Friday, January 20, 2017

After Long Years

They told me then that time would heal my heart
They did not know!
They said the years would help me to forget—
It is not so!

I count the cruel years gone by since you
Left me to mourn,
Each one so full of weary days and hours
That must be born!

And oh, the long long nights, so blessed—or cursed—
With dreams of you,
Dreams that you are not dead—and then, the dawn
That proves it true!

Yes, I have seen the seasons come and go
Each passing year;
Have seen the others at the sports you loved—
And you not here!

The books you loved are round me everywhere—
But you are gone!
And friends come in and out—but when they go,
I am alone!

And only echoes in the empty house,
Where once your voice
Was wont to call—and calling, made
My heart rejoice!

I have lived on—though it still beats, my heart
Has not been cured!
I have not conquered—I have not succumbed—
I have endured!

Oh, they may tell you time will heal the heart—
It is not so!
Ah, let them say the years make one forget—
They do not know!

            Roselle Mercier Montgomery[1] in The Boston Transcript



[1] These words are on a historical marker located at the corner of Alexander and Commerce Streets in Crawfordville, Georgia:

The renowned Georgia poetess, Roselle Mercier Montgomery, daughter of Col.
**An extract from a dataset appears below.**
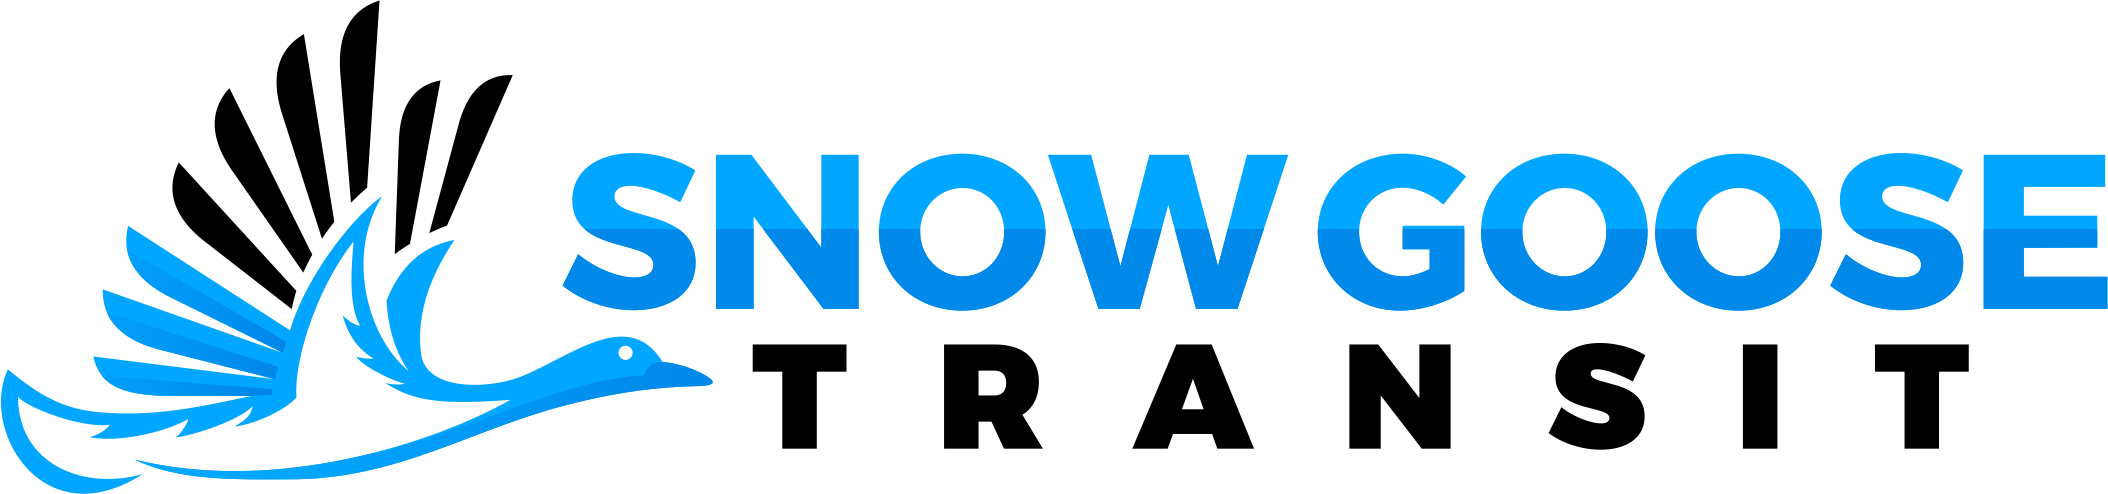 Snowgoose Transit Logo

William Nathaniel and Emma Smith Mercier, was born on this site in 1874. Educated at Washington Female Seminary and Mary Baldwin Seminary, she married distinguished N. Y. lawyer J. Seymour Montgomery and lived in Conn. Her early death in 1933 cut short an outstanding career. Her famous poem Evening on a Village Street was written about this corner in Crawfordsville. Considered Georgia’s best and one of America’s finest poetesses, she is best known for her Ulysses Returns and Helen, Middle-Aged.